Remember back to all the drama when I requested to go part-time at work? My employer basically said I could, but that I’d need to agree to be reclassified as temporary so they could hire my replacement immediately. Now that in and of itself was ridiculous, as here I sit at work, bored because my boss has already reassigned my work to others.

Last week my boss called me and my two teammates into her office to discuss time off in the coming months, just to make sure we’re all on the same page. My boss will be gone January month-end, my female teammate is taking a vacation over February month-end, and then N’s wife is due May 1st so who knows when he will need time off. He requested two weeks leave one his daughter is born, which to me is insane, but then again, perspective I guess. I assume Eric will have the day of our baby girl’s birth off, and that’s it. Anyway, in this conversation my boss confirmed my due date, June 1st, and then asked how much longer I was planning to work. I felt very put on the spot, being my teammates were in the room, but I answered honestly, that I’d like to work as long as I can. Now, in my boss’s mind I assume she heard I’d stay working until fairly close to June 1st. Here’s where full disclosure comes into play…

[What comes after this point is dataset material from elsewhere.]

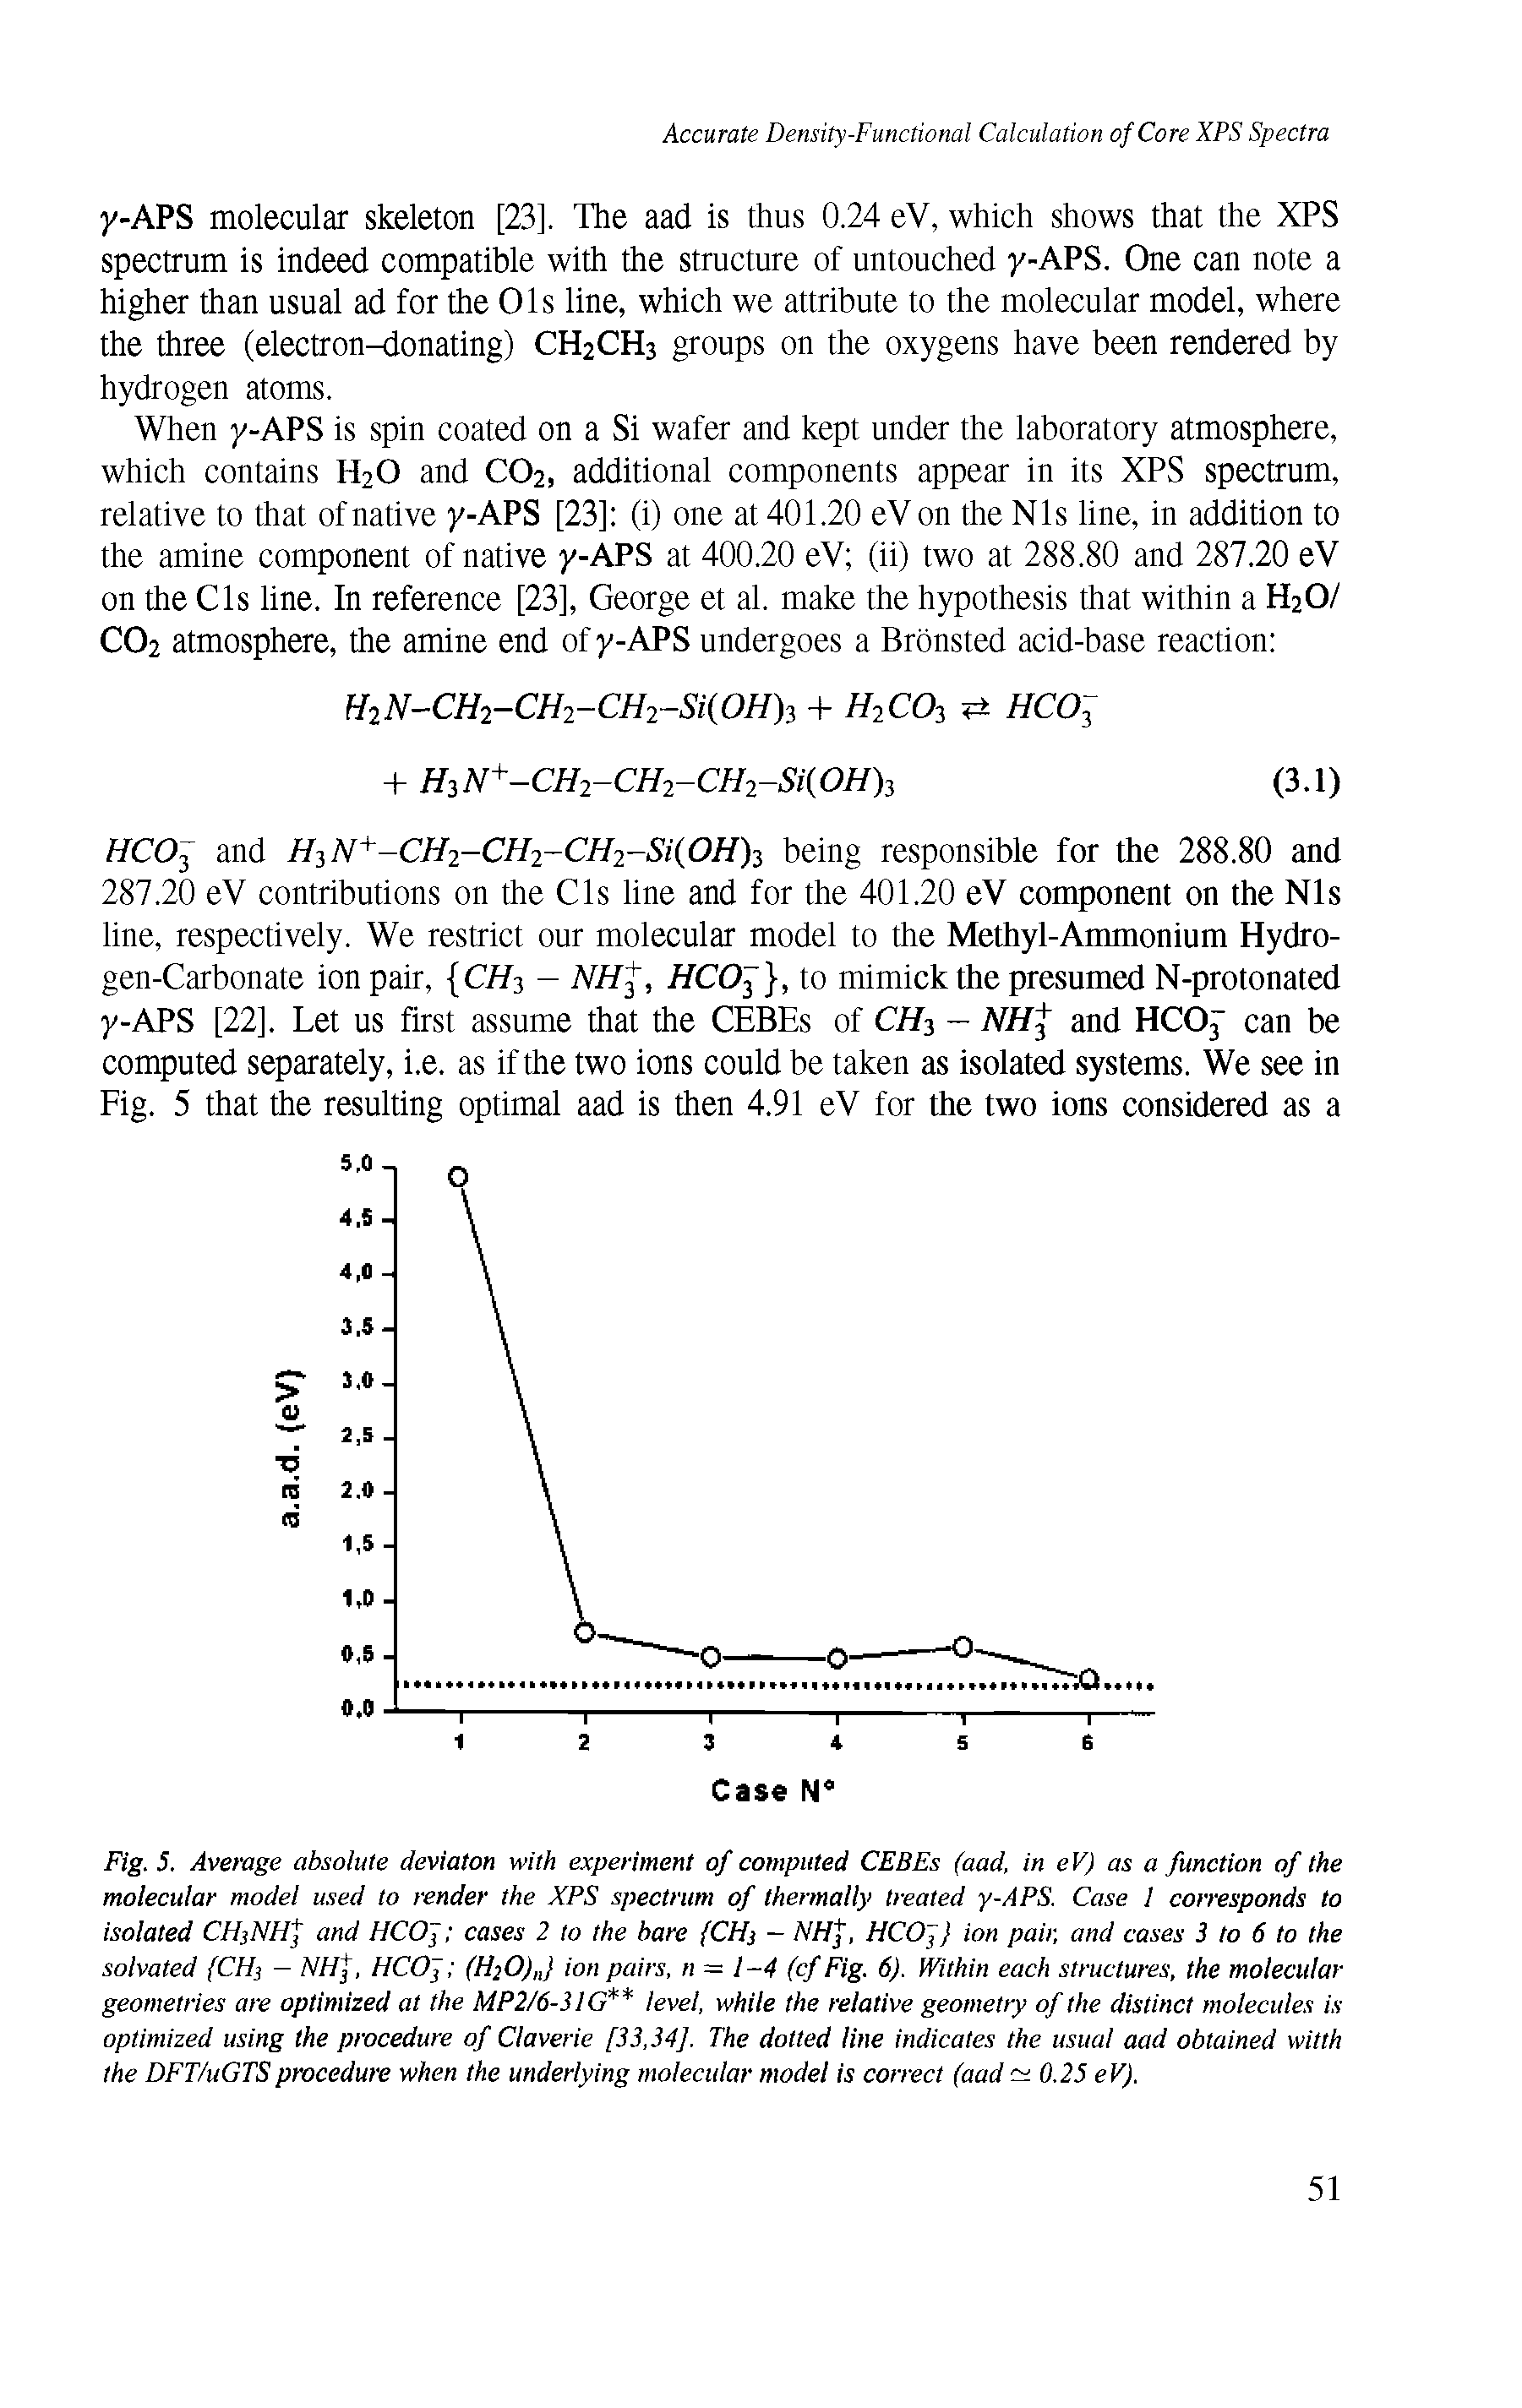 Fig. 5. Average absolute deviaton with experiment of computed CEBEs (aad, in eV) as a function of the molecular model used to render the XPS spectrum of thermally treated y-APS. Case 1 corresponds to isolated CHsNH and HCOJ cases 2 to the hare CHj - NH, HCO(j ion pair, and cases 3 to 6 to the solvated (CH — NHf HCOj (H2O), ion pairs, n = 1-4 (cf Fig. 6). Within each structures, the molecular geometries are optimized at the MP2/6-3IG level, while the relative geometry of the distinct molecules is optimized using the procedure of Claverie [33,34]. The dotted line indicates the usual aad obtained witth the DFT/uGTS procedure when the underlying molecular model is correct (aad 0.25 eV).

Should I have told my boss the whole truth, that there is a chance I won’t be here working until June 1st due to my shortened cervix and complications that may arise? I mean, technically at this point I don’t know… I’m scared to be honest with her though, for fear she will try (again) to push me out of my role before I’m ready to leave. I just don’t want to give her any more reason to get me out of here than she already has. In the big picture I’d normally think it’s required to be upfront with your boss, to make sure the team/company doesn’t suffer, but in this case, since so little of my work is still on my plate, I’m not seeing the point. Or maybe I’m trying not to see the point.

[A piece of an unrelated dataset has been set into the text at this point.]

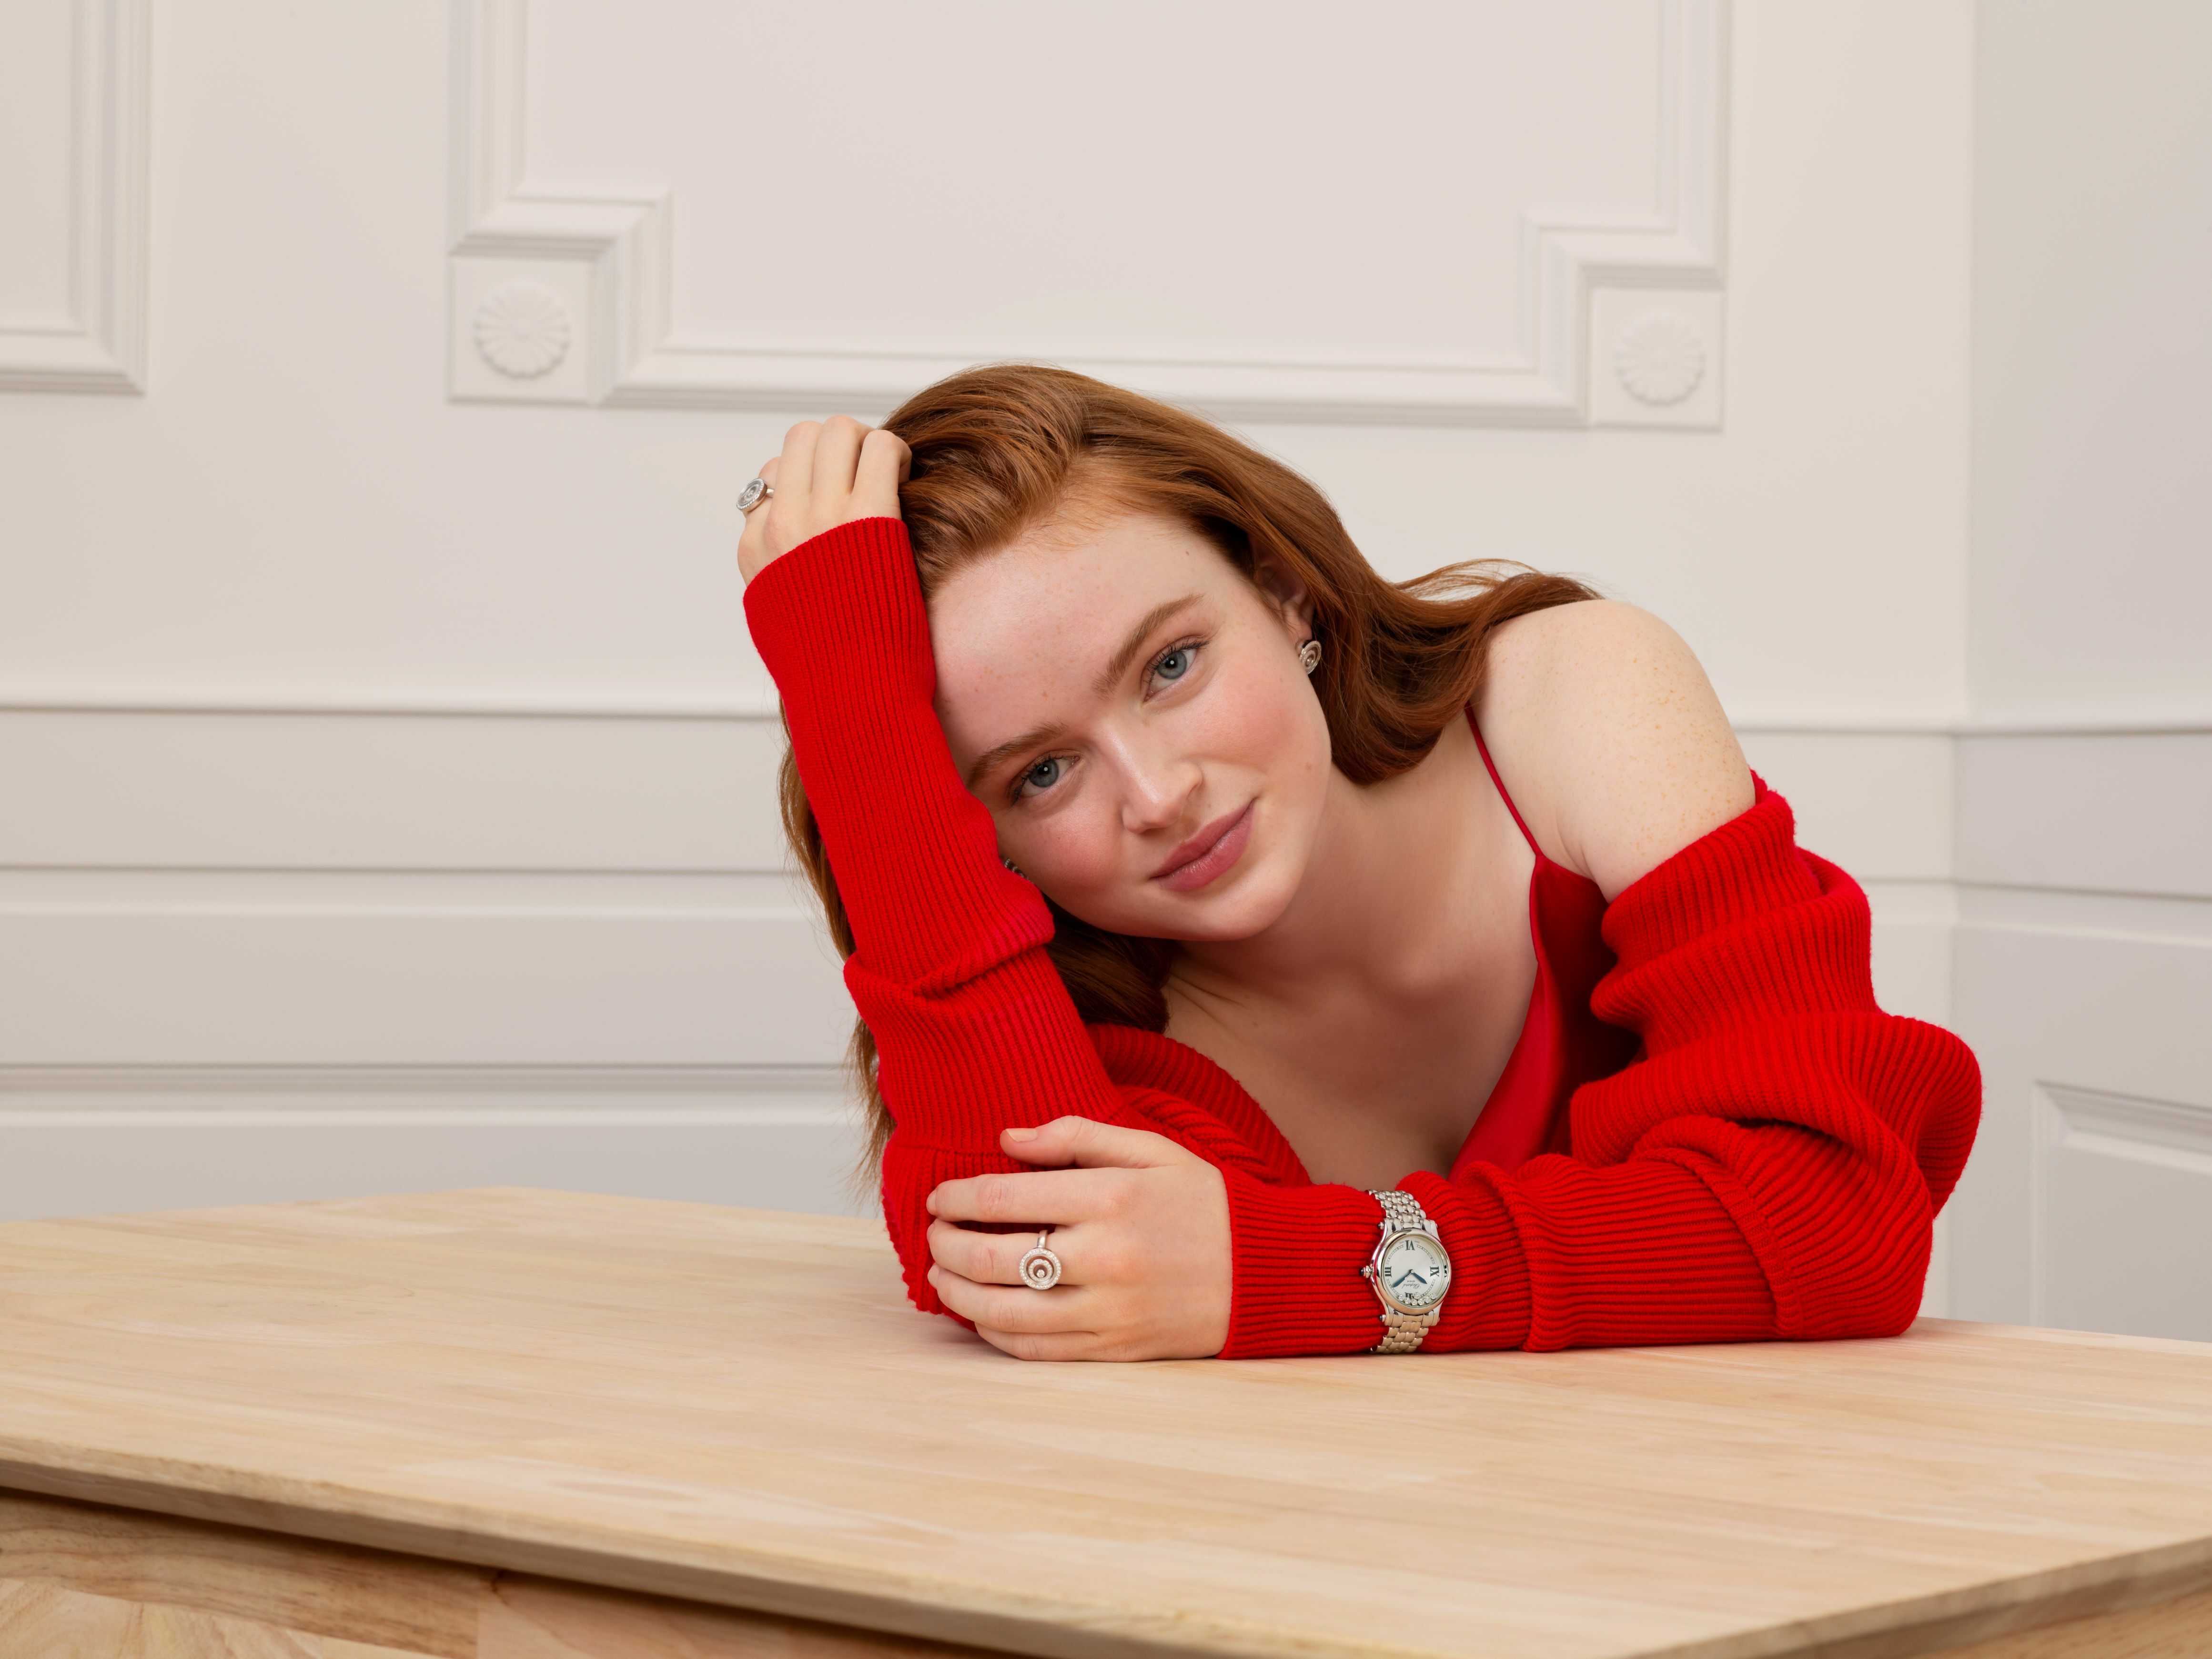 Redheaded Sadie Sink in a red sweater

Also in the meeting with my team and boss I was asked whether or not I was planning to return to work after baby is born. My team knows my situation, that we are moving for Eric’s work, but they also know our house won’t be finished for many months from now, leaving me here in town and technically available to work. Now there are advantages to coming back to work… I could take a true maternity leave, which isn’t paid, but at least I wouldn’t lose my sick-time. And I think I could arrange to cover our health insurance for the months we’ll be without, a huge plus. But on the other hand, I haven’t arranged for childcare, thinking I wouldn’t need it here in town. Do I start researching that just in case? Will I even want to come back to work? What if I agree now to come back but then change my mind, does that leave my team worse off? Whose needs/wants come first? How do I not feel like I’m taking advantage of my employer, being so much of my life during the next ten months is unknown?